Hans Carl Knudtzon (29 January 1751 – 16 December 1823) was a Norwegian merchant, ship-owner and politician. Born in the north of Germany to a mercantile family, he travelled to Trondheim, Norway, where he had success in the trading business. He was also successful within politics, acting as vice burgomaster and subsequently burgomaster of Trondheim. At the end of his life he was decorated with numerous orders.

==Early and personal life==
Knudtzon was born in Bredstedt, North Frisia, Duchy of Schleswig, Denmark-Norway (now part of the Schleswig-Holstein state in Germany), the son of Nicolai Knudtzen (1698–1785), merchant, and his wife, Magdalena (1726–1803), née Clausen. His brother was Nicolay Knudtzon (1757–1842), who went on to become one of the foremost merchants of the Norwegian city of Kristiansund.

On 1 January 1779, he married Karen Müller (1752–1818), who bore him six children: sons Frederik Nicolay (1779–1823), Jørgen (1784–1854), Christian (1787–1870), Broder (1788–1864), and the daughters Magdalena Boletta (1779–1803) and Sarah Marie (1782–1854).

A son-in-law was Lorentz Johannsen (1769–1837), who married his daughters successively. Knudtzon's great-grandson was linguist Jørgen Alexander Knudtzon (1854–1917).

==Career==
In 1767, he travelled to Trondheim where he was apprenticed to Broder Brodersen Lysholm, who also had moved from Sleswick to further his career as a merchant. Upon Lysholm's death, his widow Catharina Meincke Lysholm inherited large sums of money and continued her husband's business together with Knudtzon. After an intermezzo with Knudtzon's son-in-law—Johann Braack—as partner, Knudtzon became sole proprietor of the business, which eventually was renamed Hans Knudtzon & Co.
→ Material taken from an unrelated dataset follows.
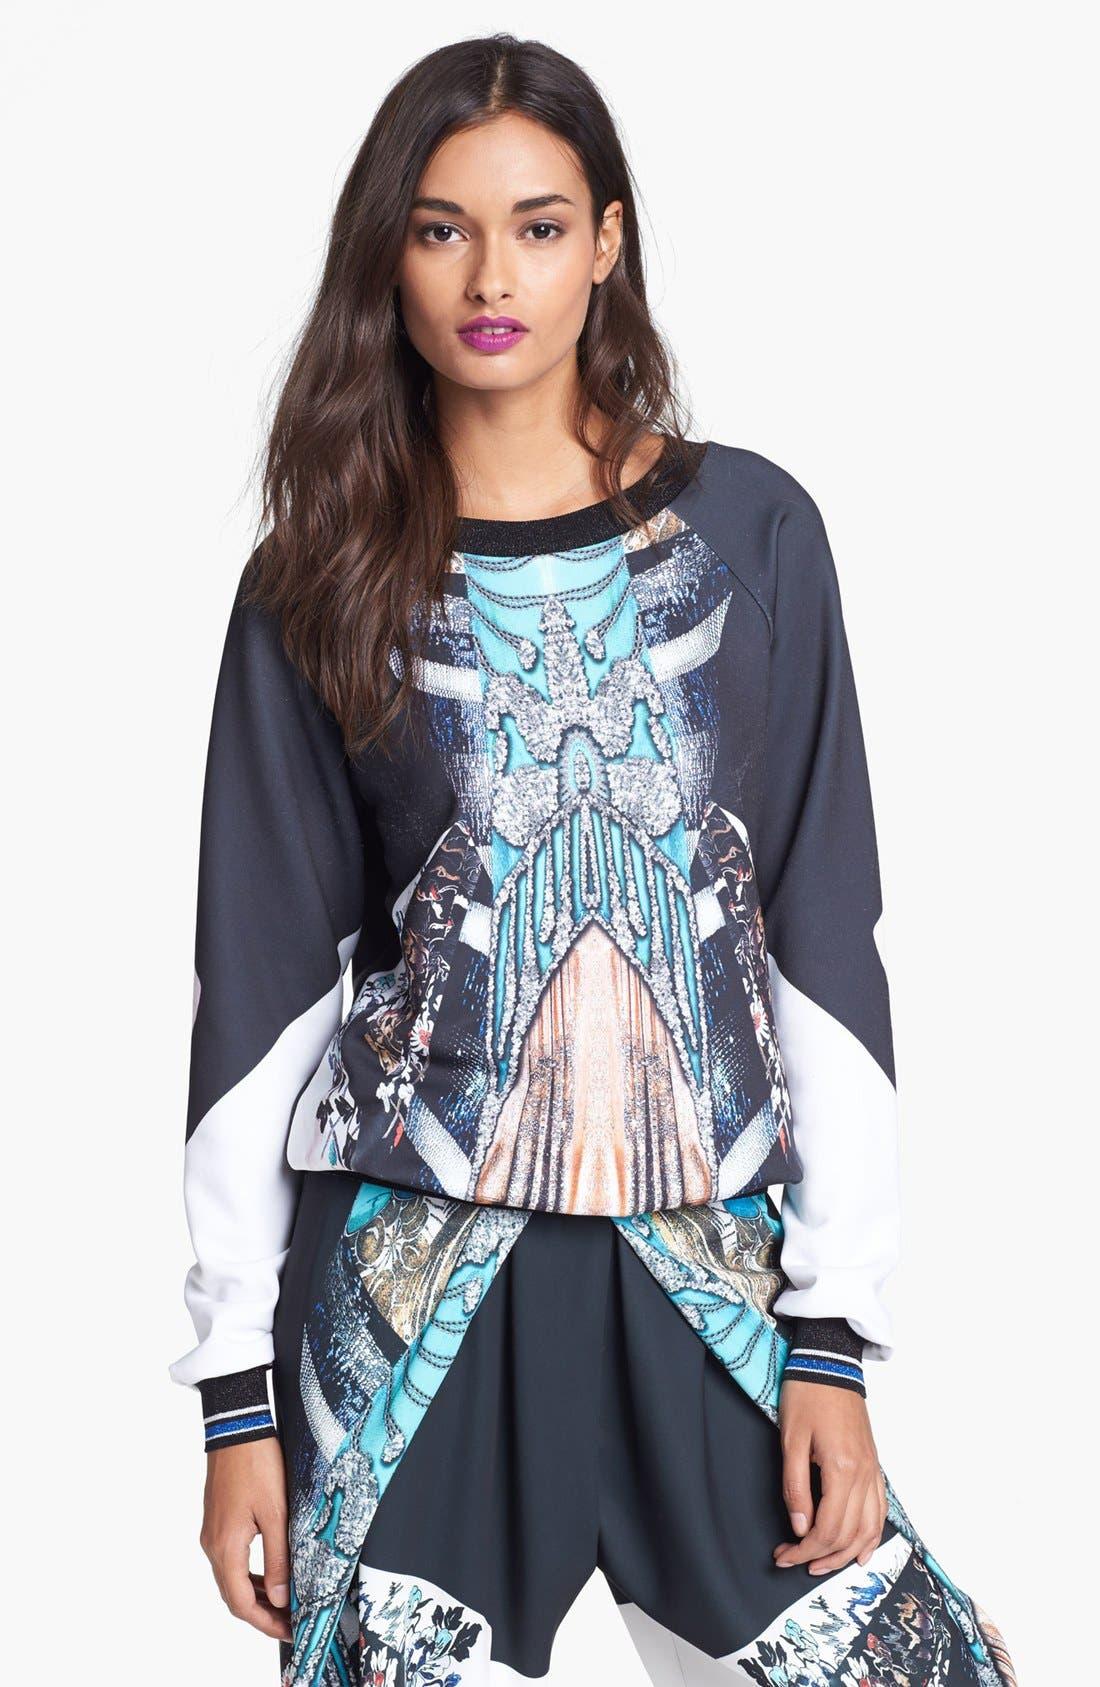 Main Image - Clover Canyon 'All That Jazz' Print Sweatshirt

The company became one of Trondheim's foremost trading businesses, exchanging amongst other commodities fish, wood, copper, grain and salt on a fleet of more than 20 ships.
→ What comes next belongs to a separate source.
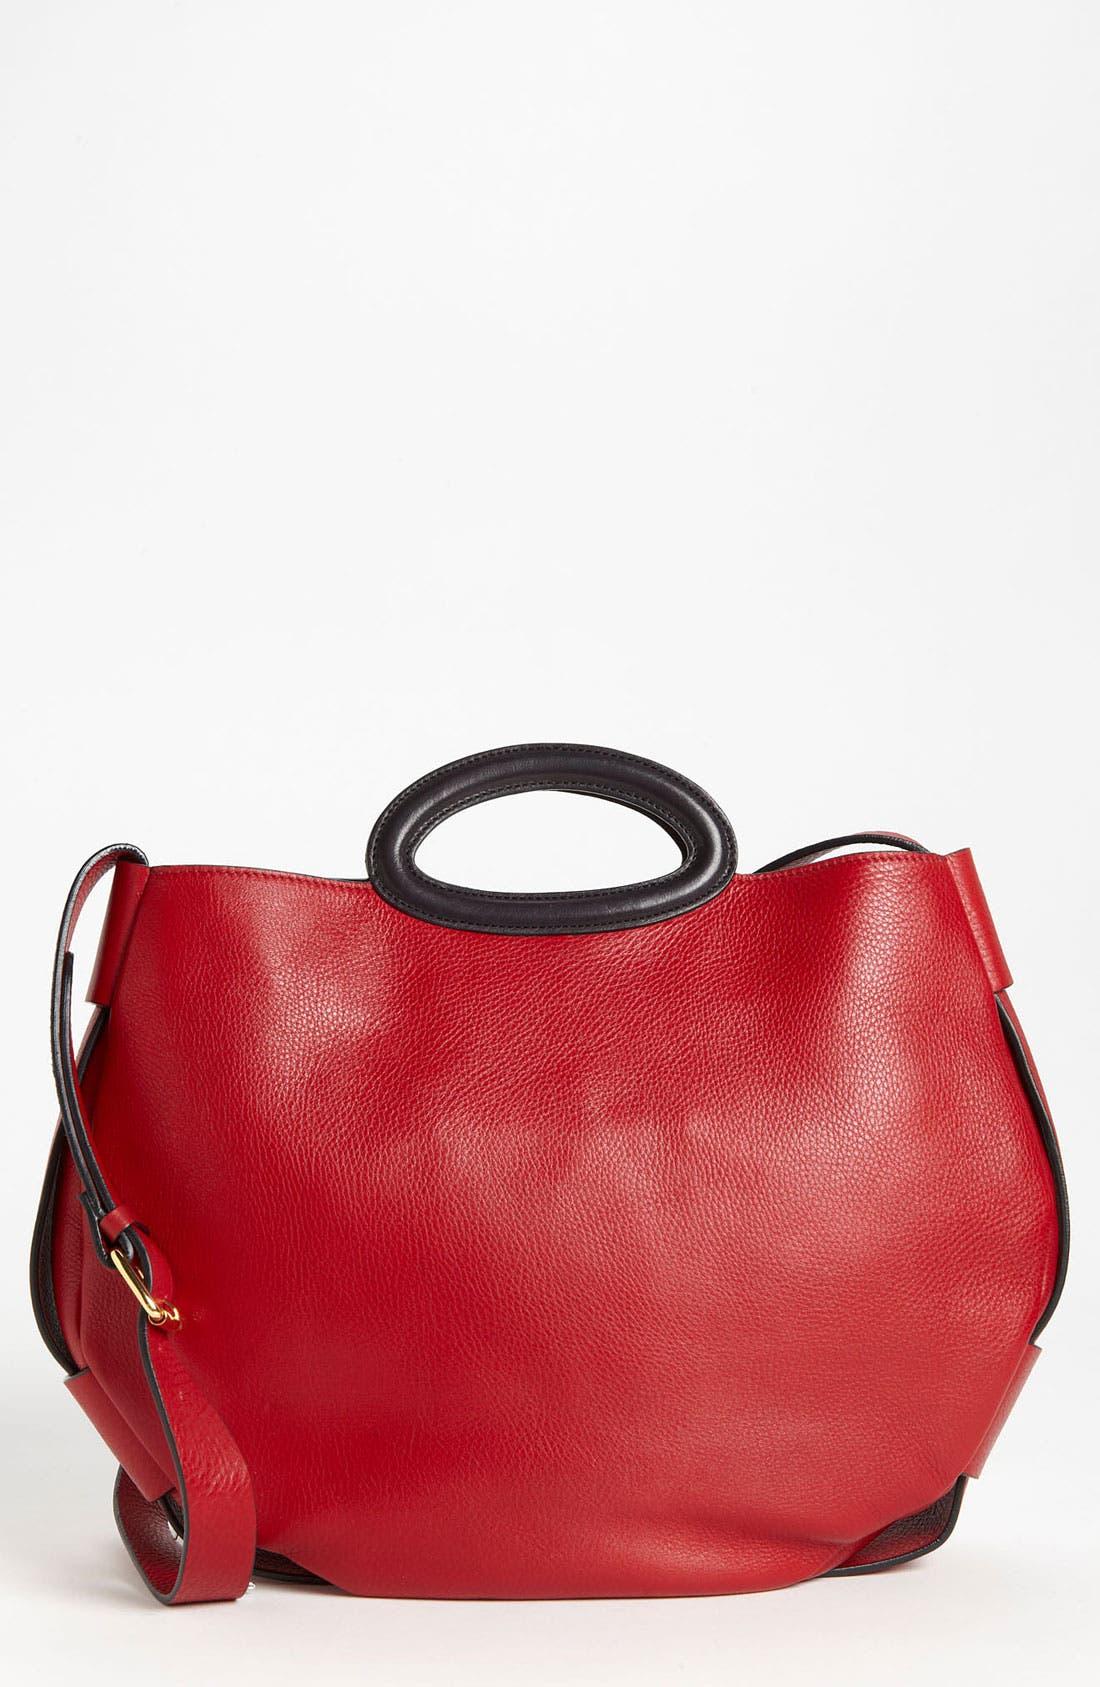 Main Image - Marni 'Balloon - Medium' Leather Crossbody Bag

Knudtzon was also engaged in politics; he was elected vice burgomaster of Trondheim in 1789 and burgomaster in 1802. He was furthermore involved in the political events surrounding the 1814 constitution, vehemently arguing in favour of a Norwegian central bank. A biographer describes him as an urban man influenced by the liberal ideas of Great Britain. In 1788, he became a member of the Royal Norwegian Society of Sciences and Letters. He was decorated as a Knight of the Danish Dannebrog Order in 1809 and of the Swedish Polar Star Order in 1815. He died in December 1823 in Trondheim.